Invalid entry in xPendingReadyList

dcowan0 wrote on Thursday, April 19, 2012:

I’m running FreeRTOS V7.1.0 on an MSPF5419A.
My ISR supporting an accelerometer gets called when that devices FIFO reaches a specified watermark level.
In the ISR I’m doing a xSemaphoreGiveFromISR on a semaphore and if that method returns pdTRUE calling portYIELD_FROM_ISR passing the variable that was set by the semaphore give. This wakes a task that is blocked on the semaphore which then drains the FIFO. All this works fine. The problem is that intermittently the xPendingReadyList is getting an entry (always 0xF3FFF) which clearly does not correspond to the address of any of my 7 TCBs. This doesn’t usually happen until the system has run for anywhere from 3 to 5 minutes. With this invalid entry things quickly deteriorate and my watch dog timer resets the system. The variables on either side of xPendingReadyList look fine so it doesn’t appear to be caused by memory being clobbered.

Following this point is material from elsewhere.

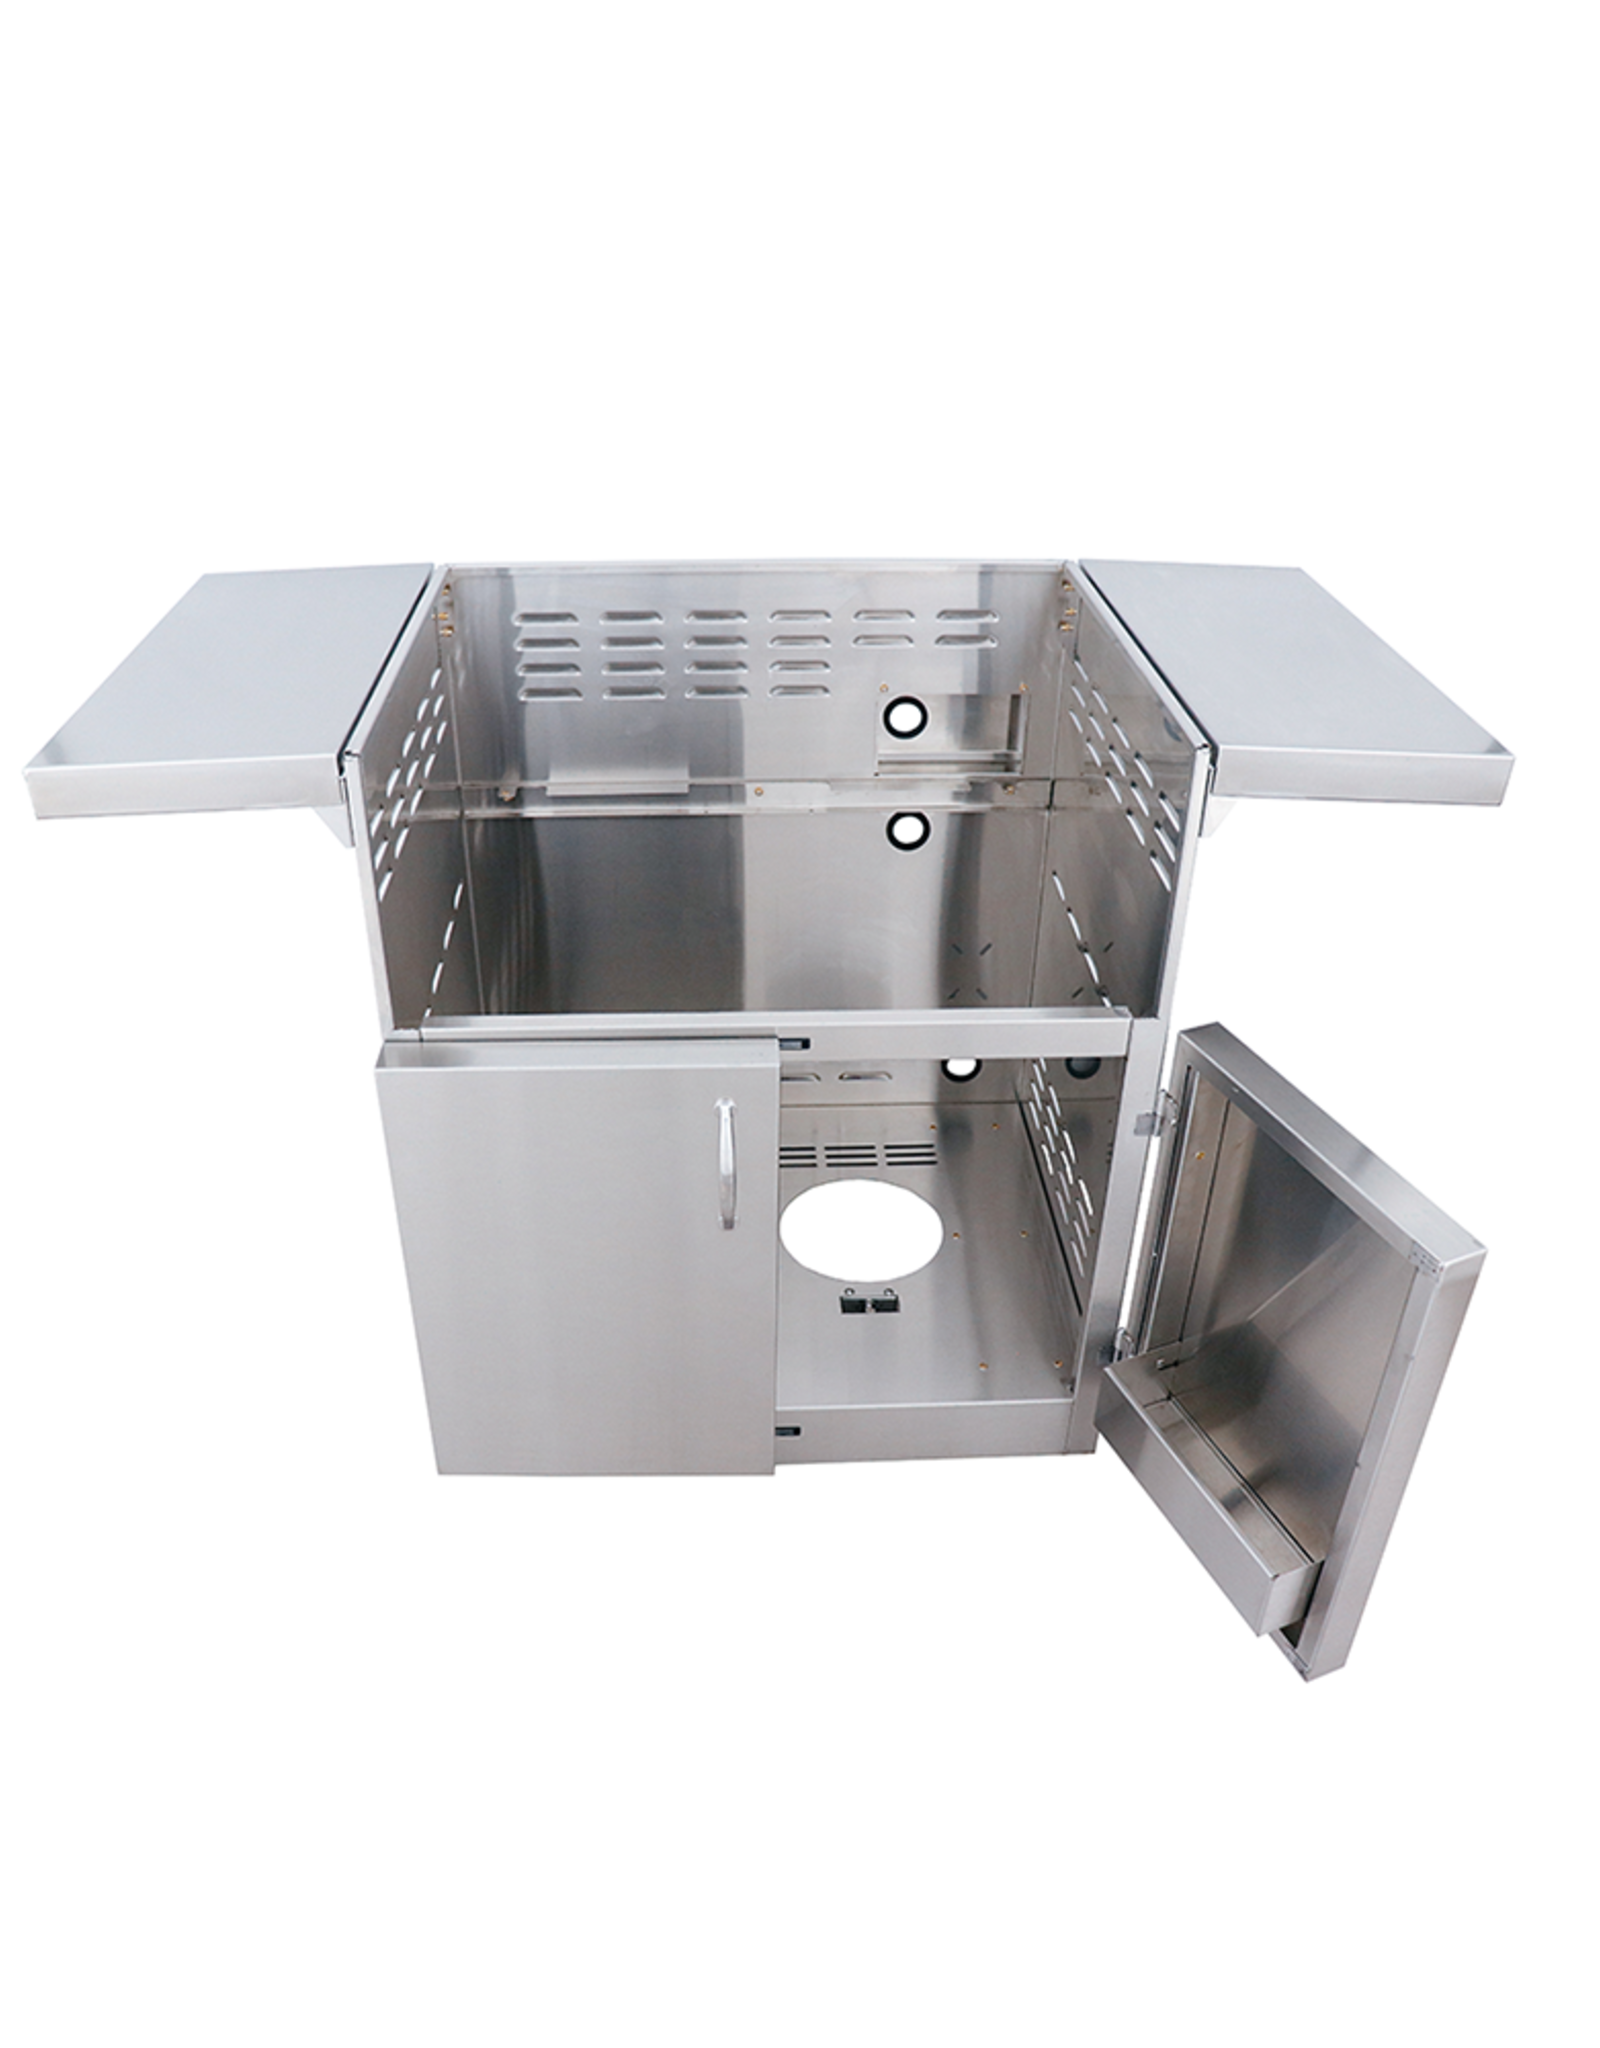 Renaissance Cooking Systems Renaissance 30" Freestanding ARG Cart #304 SS 2-Door Design - ARG30CART
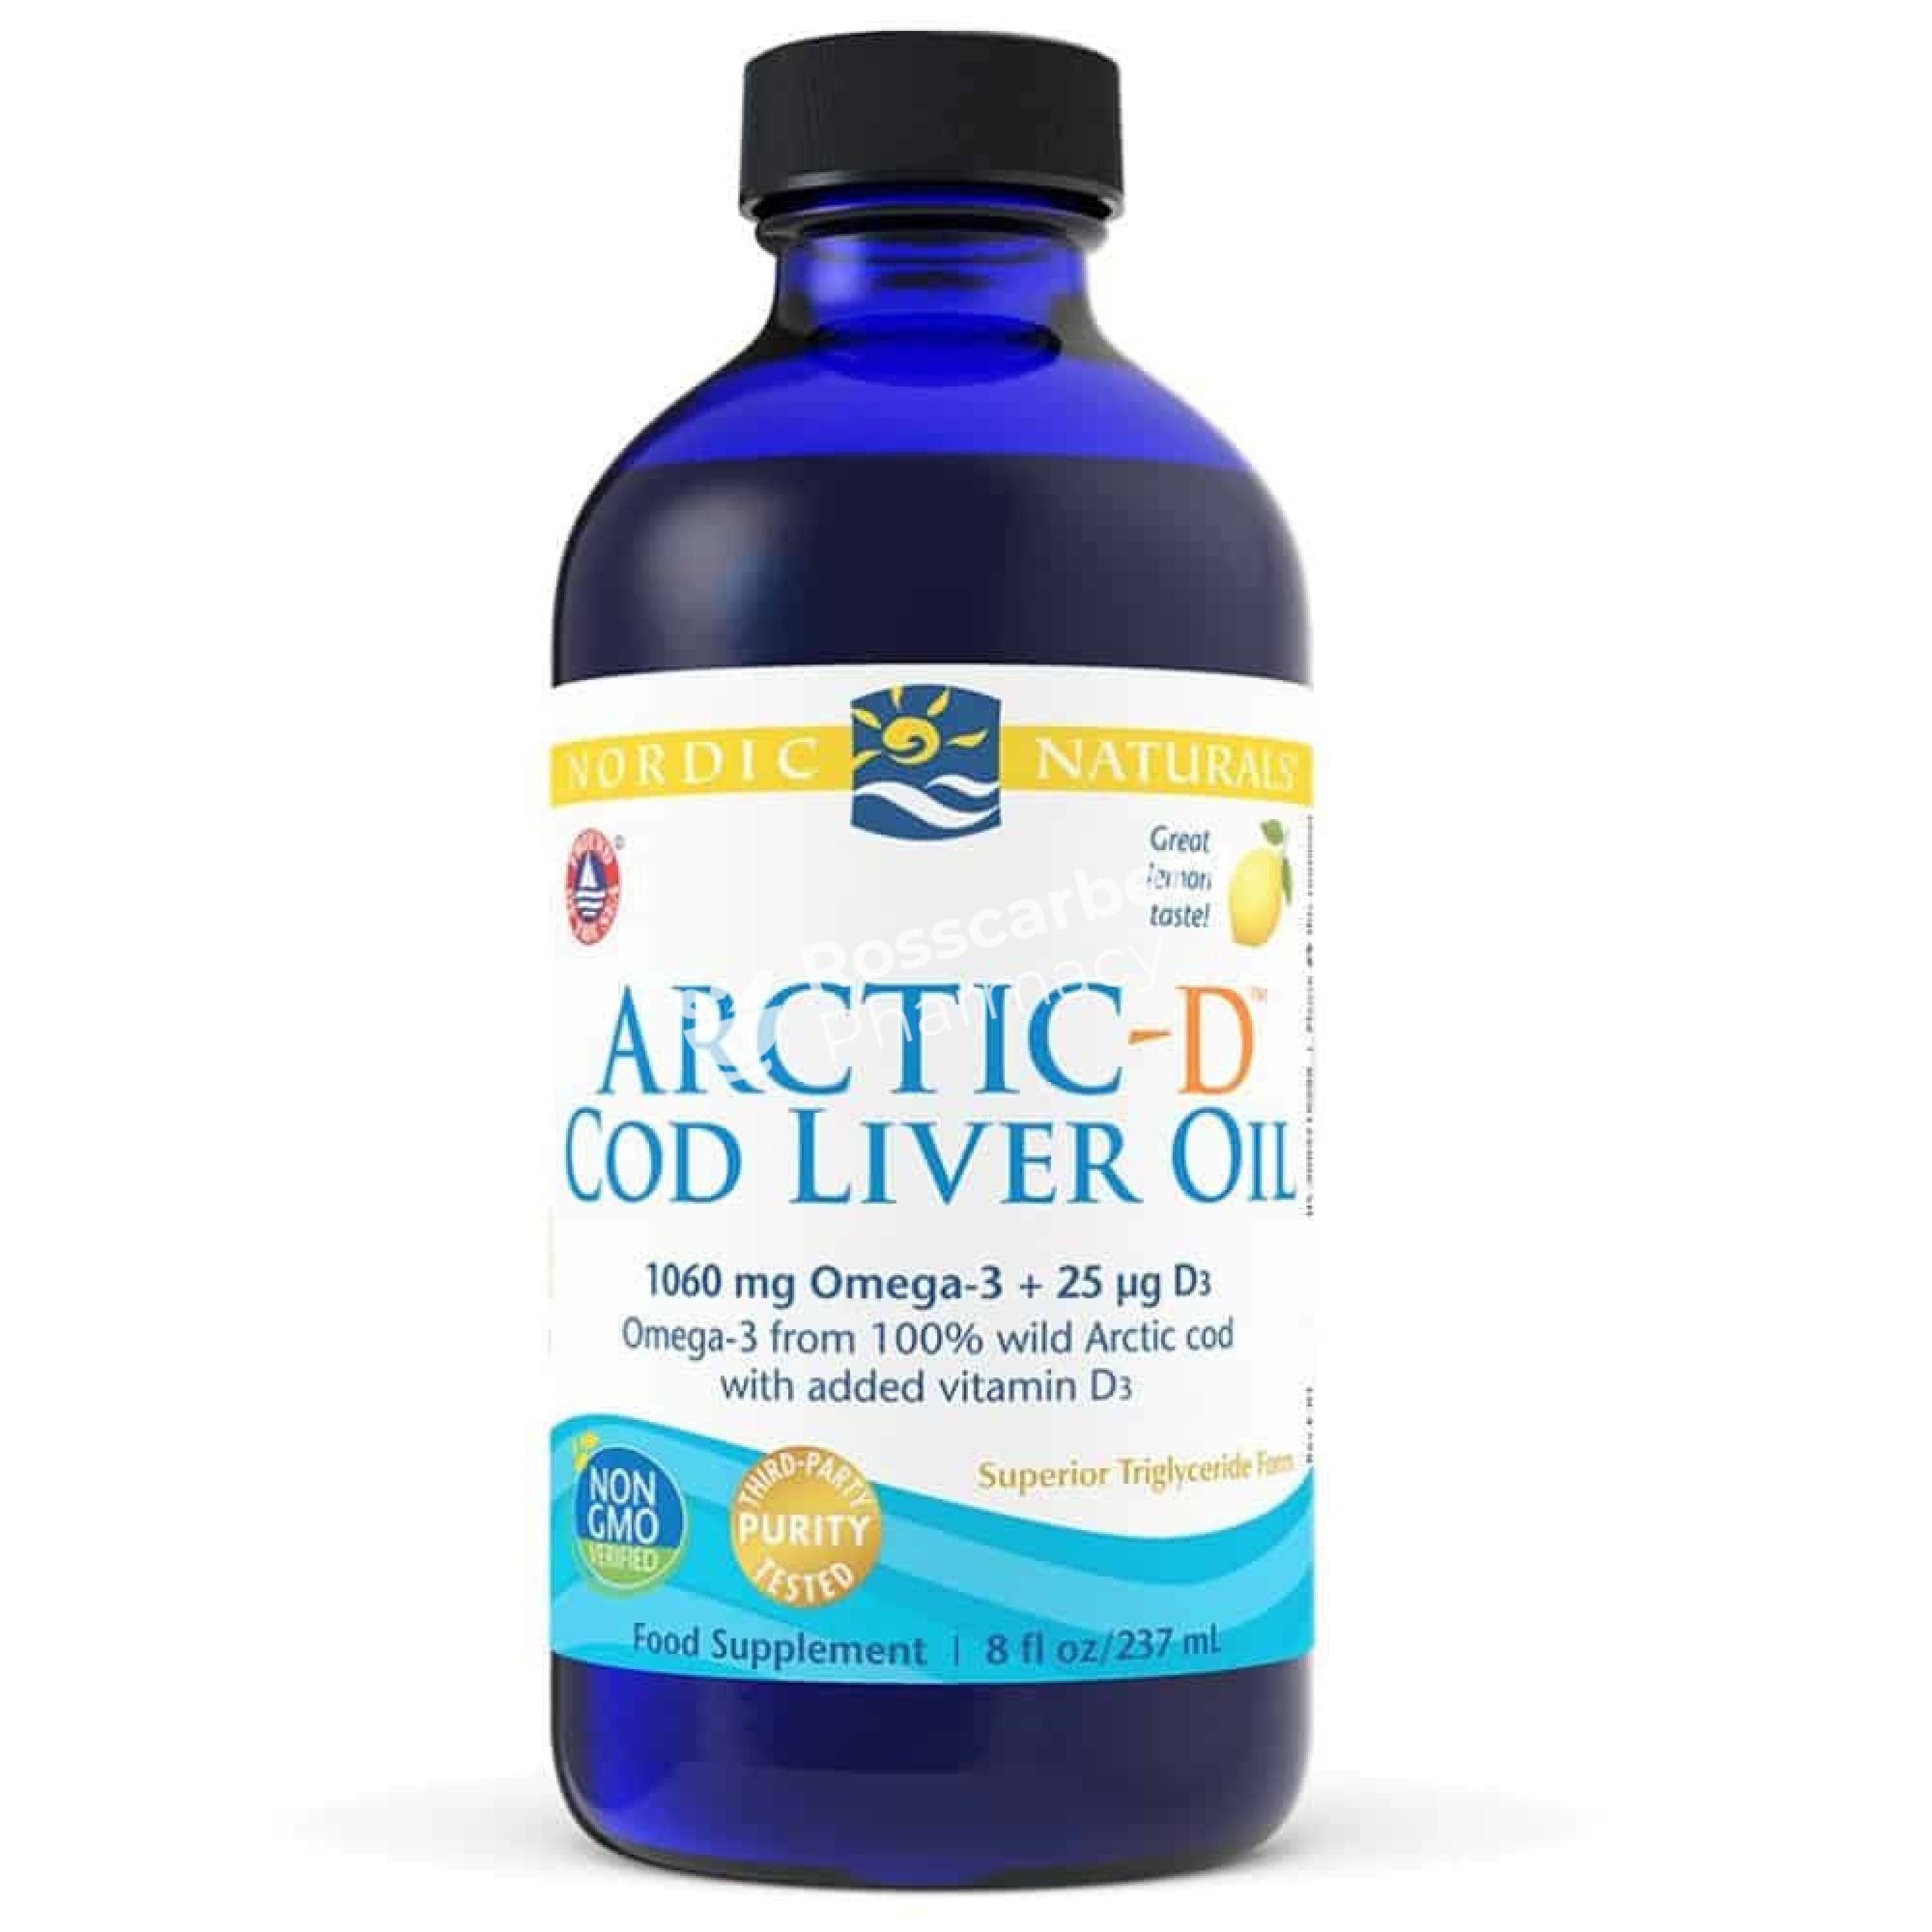 Nordic Naturals Artic-D Cod Liver Oil

Any one have any thoughts as to what could be causing this?



edwards3 wrote on Thursday, April 19, 2012:

The first thing to check for is stack overflow. Do you have configCHECK_FOR_STACK_OVERFLOW set to 2, and a stack overflow hook defined?

You might also get some hints from here

dcowan0 wrote on Thursday, April 26, 2012:

Yes, stack overflow was my first thought, however not only have I enabled the stack overflow checking as you suggested but also added a method to tasks.c that is called by vTaskSwitchContext. I have a vector of pointer to all the TCBs for the tasks I’ve launched and this method verifies that for every task pxTCB->pxStack is still 0xA5A5. If not it will halt at a breakpoint. That breakpoint never occurs.

I’ve also added another method to tasks.c whose purpose is to verify that the pointer to a TCB which is just about to be inserted into a list is valid (again using my vector of saved pointers to TCBs). This is the one which is catching an invalid pointer which is just about to be inserted into the xPendingReadList.

anonymous wrote on Thursday, April 26, 2012:

I had a similar problem last week.  I dont know the details about your chip, but on the Cortex M3 there is a main stack that gets used for interrupts.  That stack is not checked for overflow by FreeRTOS (is my understanding now), and was overflowing in my chip, with very similar symptoms as to what you describe.

dcowan0 wrote on Monday, May 21, 2012:

Having been unable to determine the root cause of this problem (its not a stack overflow) I decided to upgrade to V7.1.1.
After doing that I ran our application for over 49 hours over the weekend without any problems.
Prior to the upgrade it would crash after a few minutes.

I really don’t know if I can claim the problem to be fixed, but for the moment things are solid.